Ist die Qualität den eig. in etwa so wie das Siberia V2?


----------



## cann0nf0dder (23. November 2011)

*AW: Gute Kopfhörer - Maximal 30€*

ka, sowas kauf ich mir nicht und les dazu auch keine testberichte zu so l337h4xxx0rg4m1g krams, daher ka, wenn du das wissen willst musst du alles was du vergleichen willst bestellen und dann halt zurückschicken was nicht passt 
wenn das review stimmig ist, sollte er besser performen als der siberia krams von steelseries


----------



## Naicheben (23. November 2011)

*AW: Gute Kopfhörer - Maximal 30€*

Dann werd ich es jetzt kaufen


----------



## Iceananas (23. November 2011)

*AW: Gute Kopfhörer - Maximal 30€*

Wollt mal berichten dass die Aurvana Live da ist - bin schwer begeistert! Mehr Klang gibts für unter 100€ definitiv nicht...


----------



## cann0nf0dder (24. November 2011)

*AW: Gute Kopfhörer - Maximal 30€*

mal kurz über google gesucht,  eher durchwachsen was den creative angeht, anscheinend kann man ihn nach einer do-it-yourself anleitung modden und erhält dann nen gutes produkt, vorher soll er 


> aber etwas dünn in den Mitten und ein wenig kratzig in den Höhen, der Bass ist aber schon am Beginn gut.


 sein 
ist aber wohl wie immer auch subjektiv was man braucht


----------



## Iceananas (24. November 2011)

*AW: Gute Kopfhörer - Maximal 30€*



cann0nf0dder schrieb:


> mal kurz über google gesucht,  eher durchwachsen was den creative angeht, anscheinend kann man ihn nach einer do-it-yourself anleitung modden und erhält dann nen gutes produkt, vorher soll er
> sein
> ist aber wohl wie immer auch subjektiv was man braucht



Das liegt aber daran, dass die Creatives eher von Hifi-verwöhnten getestet und bewertet werden. Ich will nicht wissen wie sie diese 20€ PC-Headsets von Speedlink und Co runtermachen würden 

Verglichen mit sehr hochwertige Kopfhörer kann man natürlich motzen, aber diese Kosten auch gerne mal 2000€+nochmal 1000 für Kopfhörerverstärker 

Für den Preis von 38€ geht der Klang voll in Ordnung.

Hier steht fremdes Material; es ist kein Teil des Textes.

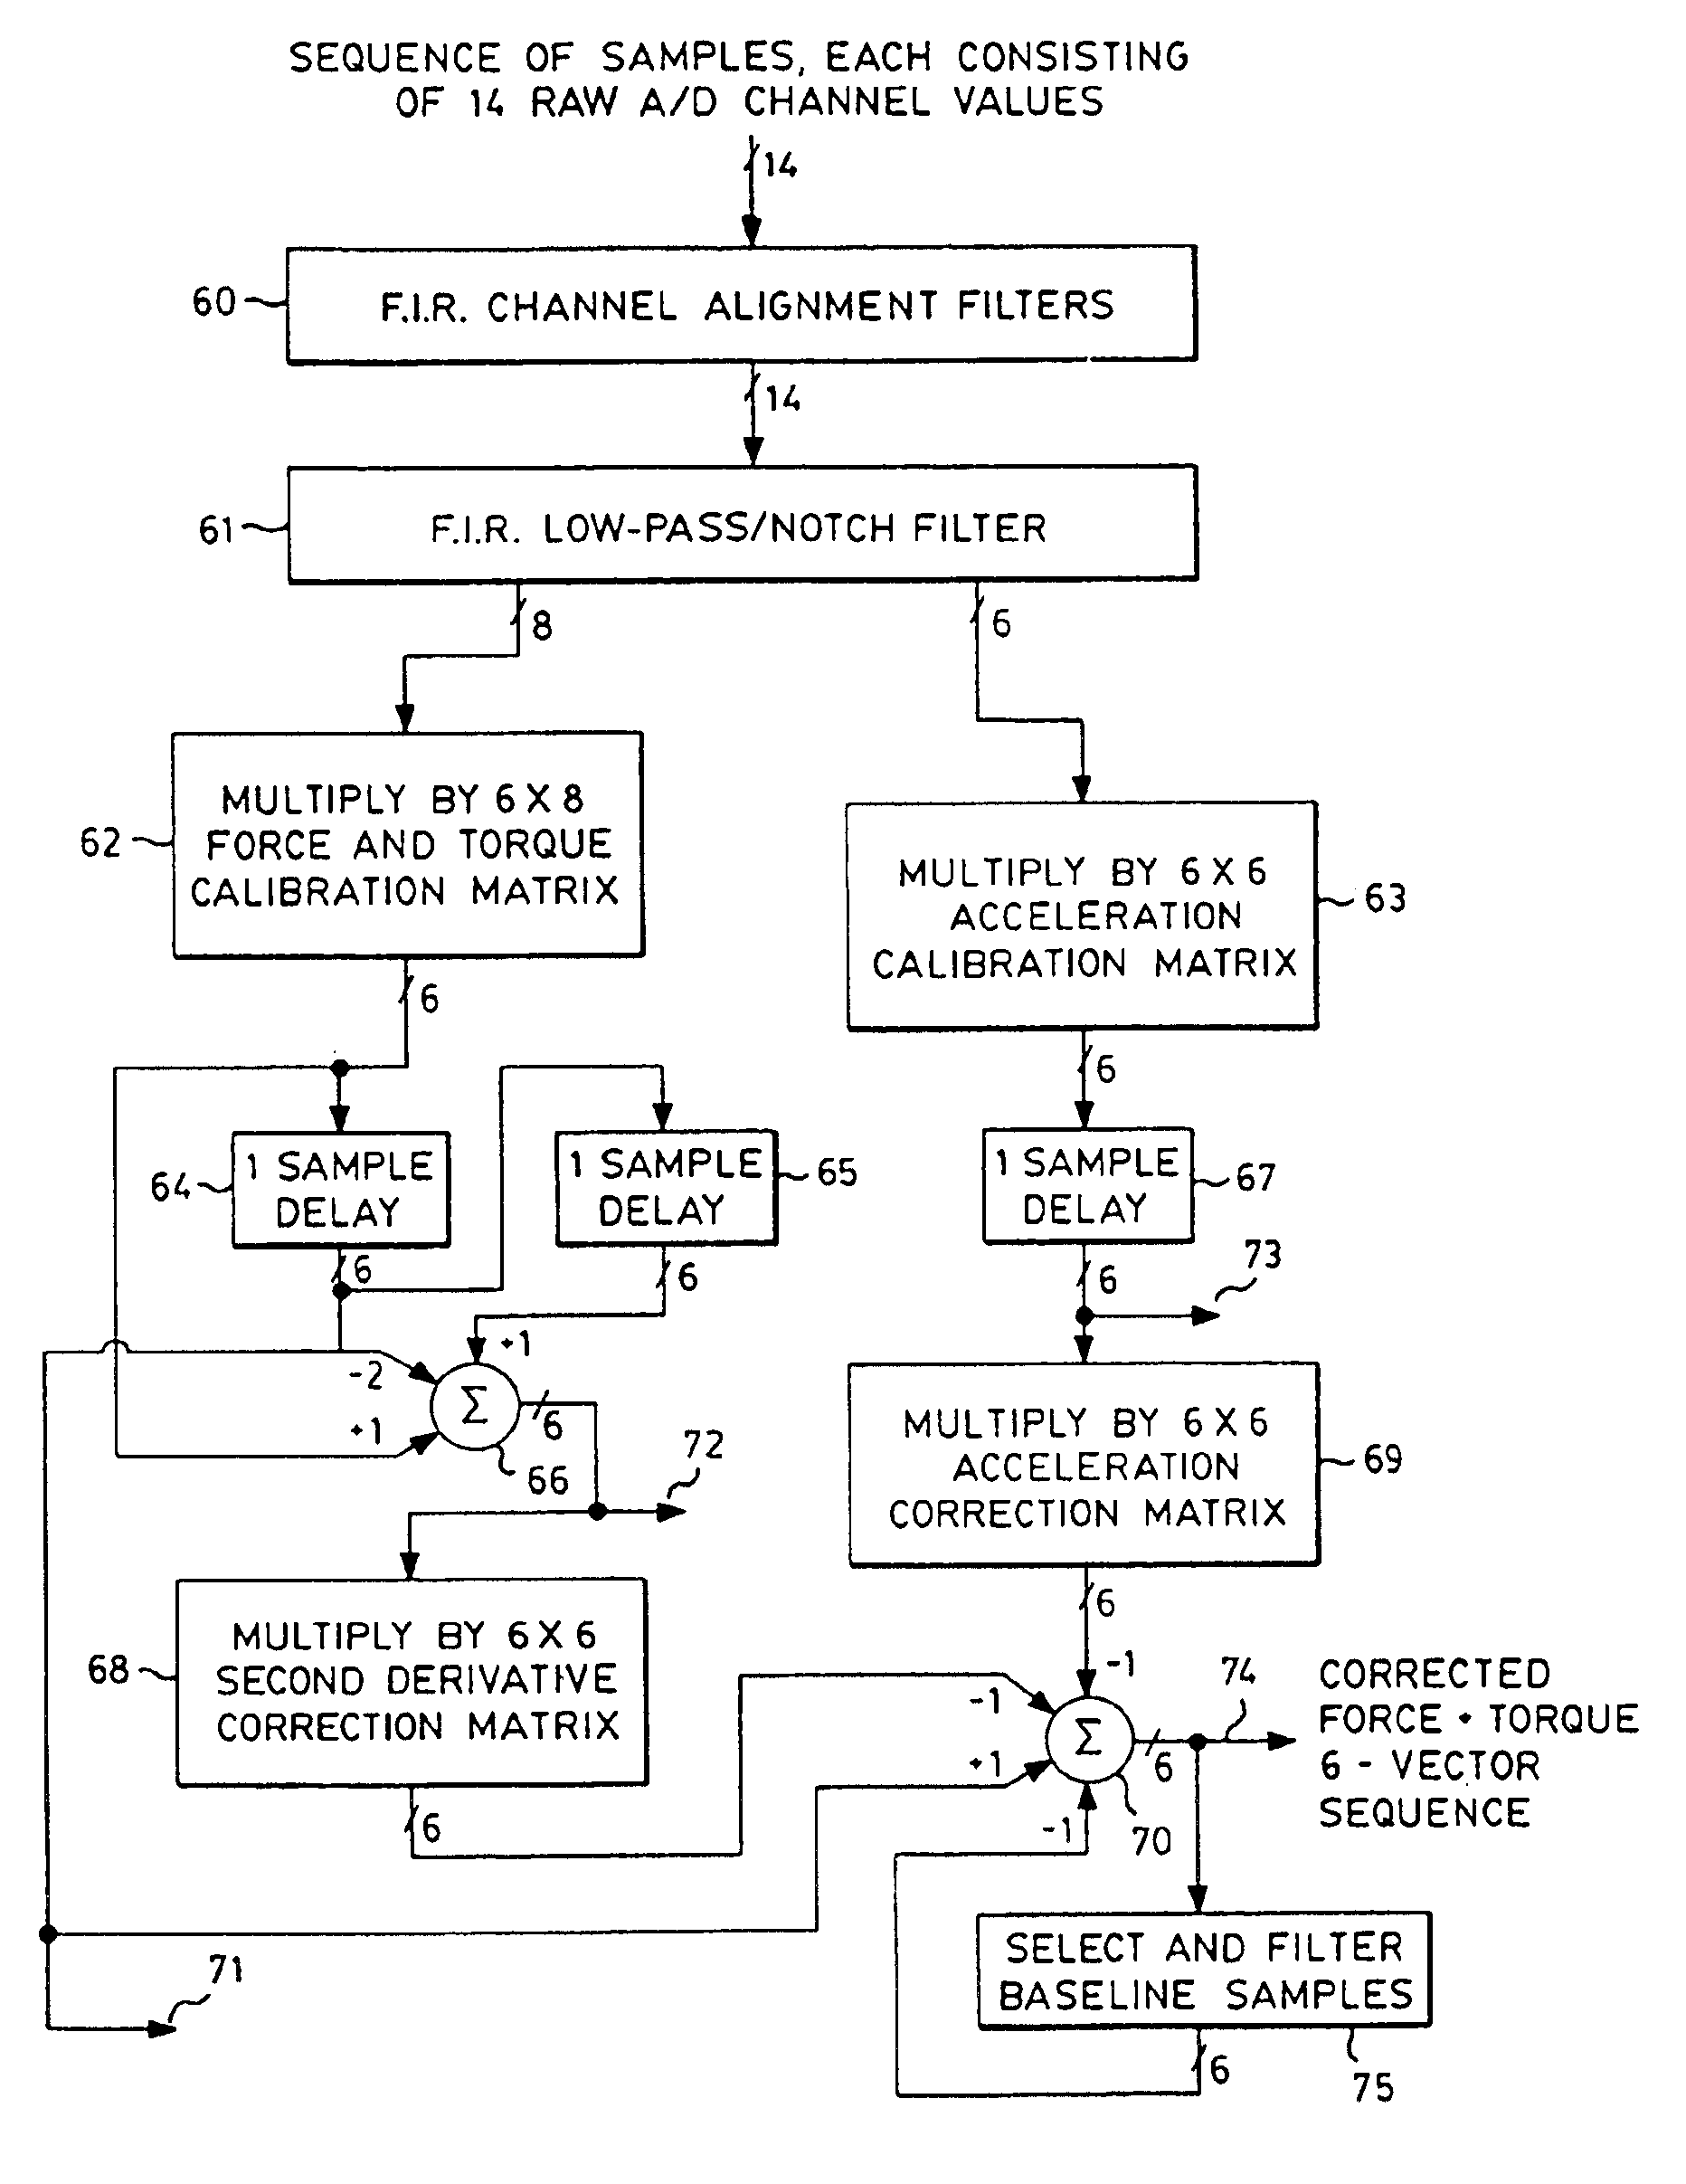 Force measurement system correcting for inertial interference

Am Handy/Mp3 Player kann man mit dem EQ einfach auf dem eigenen Geschmack nachregulieren (nach ich sowieso bei jedem Kopfhörer, auch bei den teuren) und es fällt kaum auf dass die Mitten ein wenig dünn sind.


----------



## Naicheben (24. November 2011)

So meine Superlux sind gekommen und ich bin begeistert.  Die Quali ist um Welten besser als die vom Siberia.


----------



## cann0nf0dder (24. November 2011)

*AW: Gute Kopfhörer - Maximal 30€*

find ich gut wenn die leute ne rückmeldung geben 
viel spaß mit den neuen kopfhörern


----------



## Naicheben (24. November 2011)

*AW: Gute Kopfhörer - Maximal 30€*

Ich werd später nochmal den Sound in BF3 testen und nochma was dazu schreiben


----------